Tidyverse Patterns

Introduction

This vignette will introduce tidyverse patterns that are useful for making full use of the CellBench framework. CellBench was developed with tidyverse compatibility as a fundamental goal. purrr provides functional programming tools to manipulate the methods and lists produced in this framework. dplyr is very useful for working with the tibble-based structures produced by CellBench. Since the outputs are mostly in tibble structure, they are very easily visualised using ggplot2.

For detailed explanations of tidyverse packages please see resources at https://www.tidyverse.org/learn/, in particular R for Data Science.

For quick concise references of tidyverse features and functions I recommend all of the cheatsheets available at https://www.rstudio.com/resources/cheatsheets/.

Functional Programming with purrr

Methods as Function Objects

In CellBench we require methods to take in only a single argument. The idea is that all methods within a single pipeline step should take the same kind of input and produce the same type of output. In practice most methods have additional parameters that can be tuned, and we may use purrr::partial() to help pre-fill these parameters.

partial() takes a function, some variable values, and returns the function with the specified arguments pre-filled. This reduces the number of free parameters in your function.
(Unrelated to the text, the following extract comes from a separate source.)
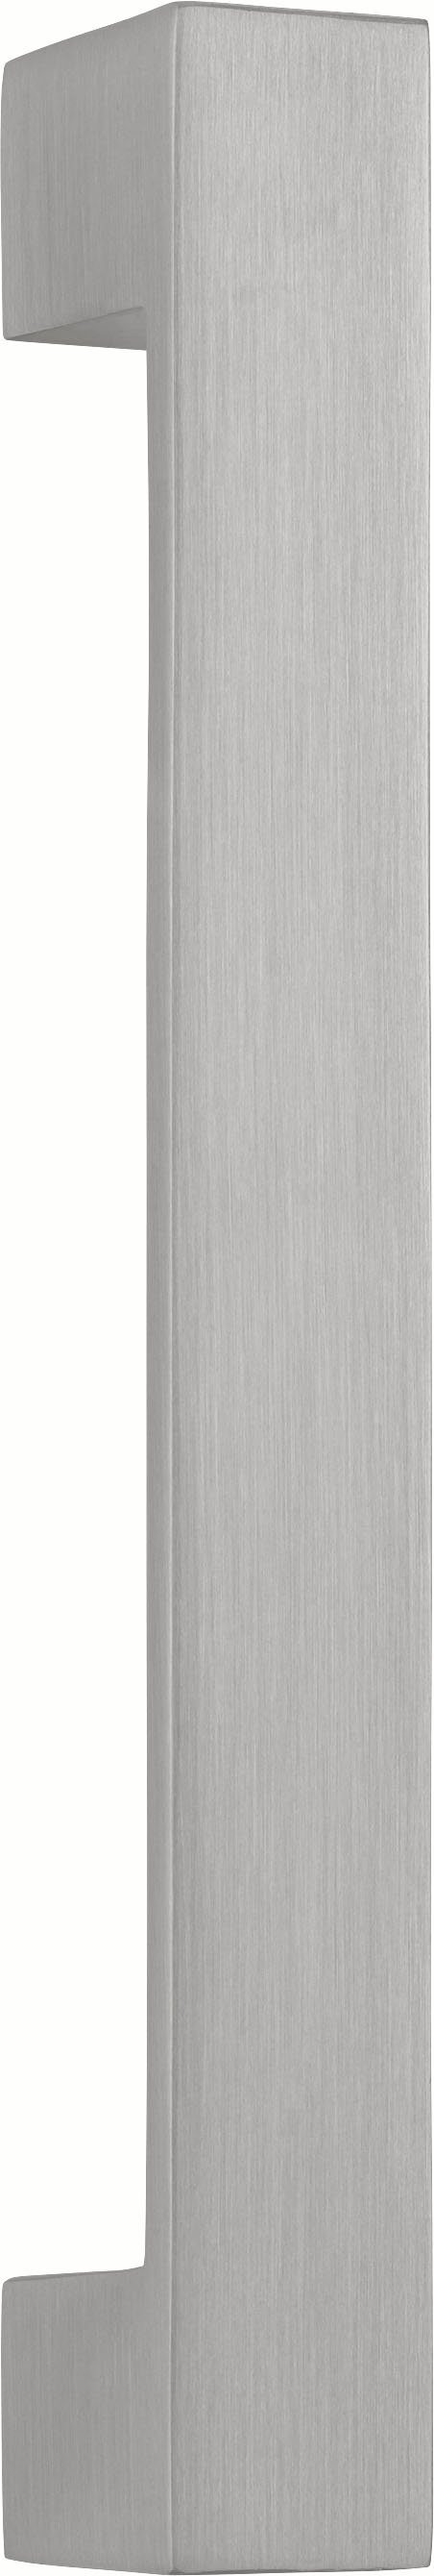 HELD MÖBEL Spülenschrank Tinnum | Metallgriffe, 120 cm Einbauspüle weiß inklusive MDF-Fronten, breit, weiß

We demonstrate a trivial application of partial():

library(CellBench)
library(purrr)

# function to raise number to a power
pow <- function(x, n) {
    x^n
}

pow2 <- partial(pow, n = 2)
pow3 <- partial(pow, n = 3)

pow2(2)
## [1] 4
pow3(2)
## [1] 8

Here partial() allowed us to turn a two-parameter function into a single parameter function. Using partial() is good practice compared to the two alternatives:

  1. Writing duplicate functions
  2. Writing function wrappers

Consider writing duplicate functions

pow2 <- function(x) {
    x^2
}

pow3 <- function(x) {
    x^3
}

Now say you wanted to add an argument check stopifnot(is.numeric(x)), you would need to edit the code in two places. The chances for errors leading to inconsistencies increases dramatically with the number of duplications and changes required.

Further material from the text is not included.